Аккуратно свернул записку вчетверо и спрятал в карман рубашки. Поднявшись с кресла, шагнул к окну, легко выдохнул. Сложил руки в карманы брюк, взглянул на серое дождливое небо. Я наконец-то понимал, в точности уверен был, как поступлю в любом исходе. Я четко знал, чего хотел, что могу сделать ради этого.
Сбить меня с пути было уже невозможно. Никому и Ничему. Я не был сумасшедшим.
Это придавало сил.
Я сидела на подоконнике, курила и пила чернющий кофе. Голова с самого утра раскалывалась так, будто в ней подрались слоны, сил было ноль. А дежурство, между тем, еще даже не началось.
Это все он… Это он вырвал меня из привычной, выстраданной колеи! Знал бы он, сколько боли принес этим своим «проходным» пиар-интервью. Ничего святого нет у человека…
А у меня? Кто ты такая, чтобы судить?
Никто.
Мне снился страшный, больной сон. Я видела Тома, снова видела Тома. Он бегал в каком-то огненном мареве и звал меня. Даже сейчас я помнила выражение его лица, искаженного ужасом и болью, застывшие в серых глазах слезы.
Тяжелый, чудовищный сон… Если я уйду, когда я уйду, что останется от меня? Вот я жила, и вот меня нет. Не будет и его, и воспоминаний, и снов о нем. Пустота?
Я не верила ни в Бога, ни в черта… Я была врачом до мозга костей. Я видела, во что превращается человек, мне приходилось бывать и в моргах, и на вскрытиях, я и сама проводила их. После увиденного невозможно поверить, что в разлагающемся, смердящем куске мяса может быть душа, когда-то была душа.
Верить приходилось разве что в фатум. Иначе как объяснить смерть человека от банального заболевания при выполнении всех необходимых мероприятий и то, как выживает тот, на ком даже врачи поставили крест и махнули рукой? Только судьбой…
Вспомнилась шутка: «— Я не верю в Дьявола! — Зря. Он в тебя верит…».
Затянулась сигаретой и медленно выпустила сизый дым через нос.
Я драко-о-о-он…
Дверь с грохотом распахнулась, и на пороге возник Сергеич в сопровождении Михалыча.
— Маргарита Александровна! Как Ваше ничего?
Сергеич был как-то неприлично возбужден для столь раннего часа. Тем более, что час до начала смены он всегда тратил на необходимый ритуал — погружение в ненависть ко всему живому.
— Дышу! — отмахнулась я. — Мужики, а чего-то вы рано ко мне заявились, вроде на вечер условились?
— Михалыч, держи ее! — реаниматолог махнул рукою в мою сторону. — Она так не согласится.
— Э-э-э! — я резко соскочила с подоконника, выставила руки перед собой, зажав сигарету зубами, прошепелявила, — уфаш-шаемые коллеж-жи, фы шо уж-жумали?!
— Сзади держи, я сам все сделаю! — Сергеич скинул халат и принялся закатывать рукава.

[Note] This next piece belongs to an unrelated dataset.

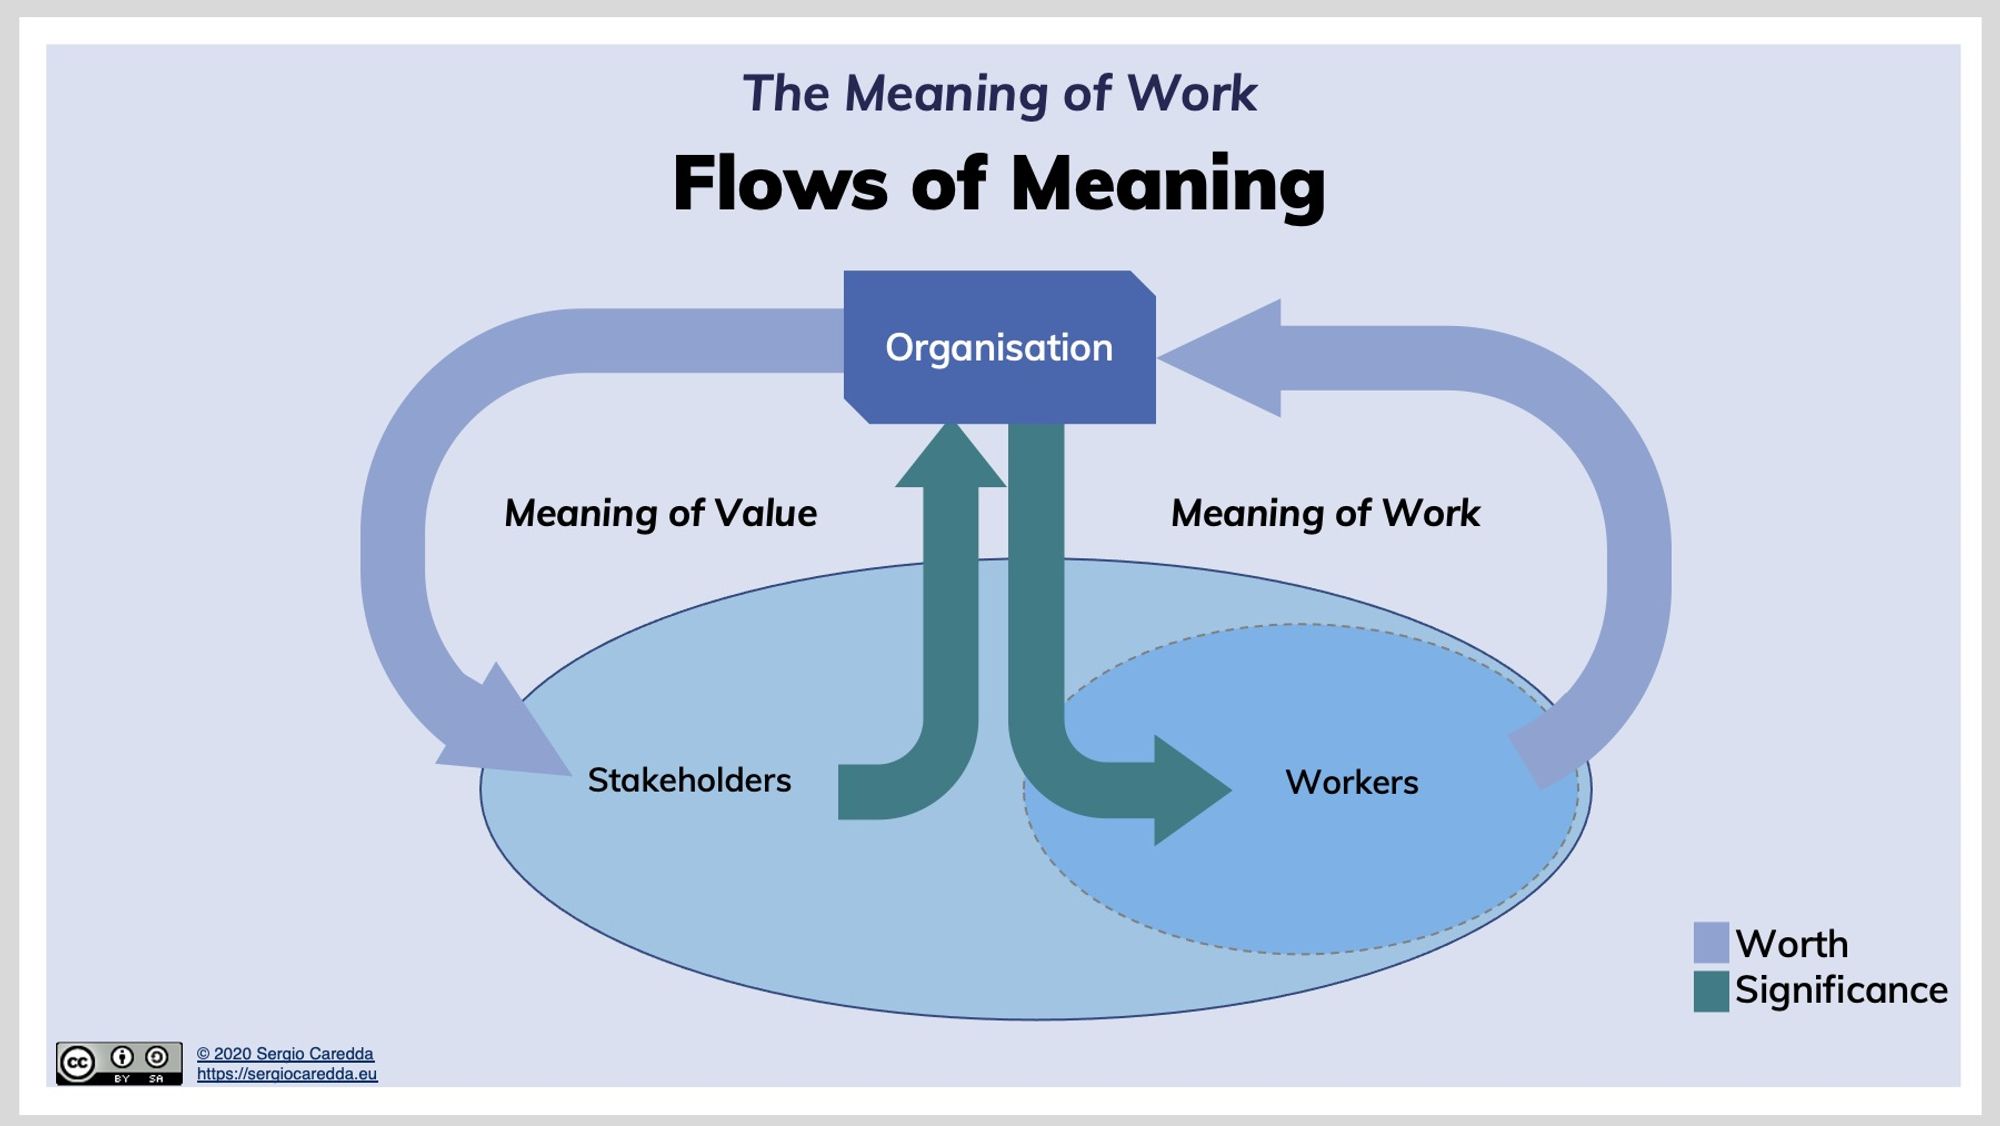 Fig1.: Flows of Meaning that Organisations Trigger

— Константин Сергеич, коли Вы о вчерашнем, так я сгоряча ляпнула, че ж сразу насильничать?! — плюнула сижку в кофе, увернулась от рук сонного терапевта, пометавшись между мужиками, скинула туфли, запрыгнула на диван. — Давайте все обсудим и обговорим, интеллигентные же люди, блин?!!
— Лови стерву! — заорал Сергеич и сам прыгнул вперед, преграждая мне путь к двери.
— Ах ты ж, престарелый извращуга! — я пнула реаниматолога коленом в грудь и практически подскочила к выходу, но сзади меня уже ухватил воодушевившийся движухой терапевт.
— А давно я так не развлекался! — с шумом выдохнул Калинин.
— Рита, расслабься! — рычал Тен. — Я буду нежен!!!
— Смешно! — ехидно заржал сзади тер, лапая меня за все стратегические места подряд. — Ты ж анестезиолог! Она так и так ничего не почувствует!!! — бородатый анекдот почему-то сильно развеселил терапевта.
— Главное, чтобы я почувствовал! — злился Сергеич. — Мы с тобой после поговорим! Снимай с нее шмотки!!! Рит, не беси меня!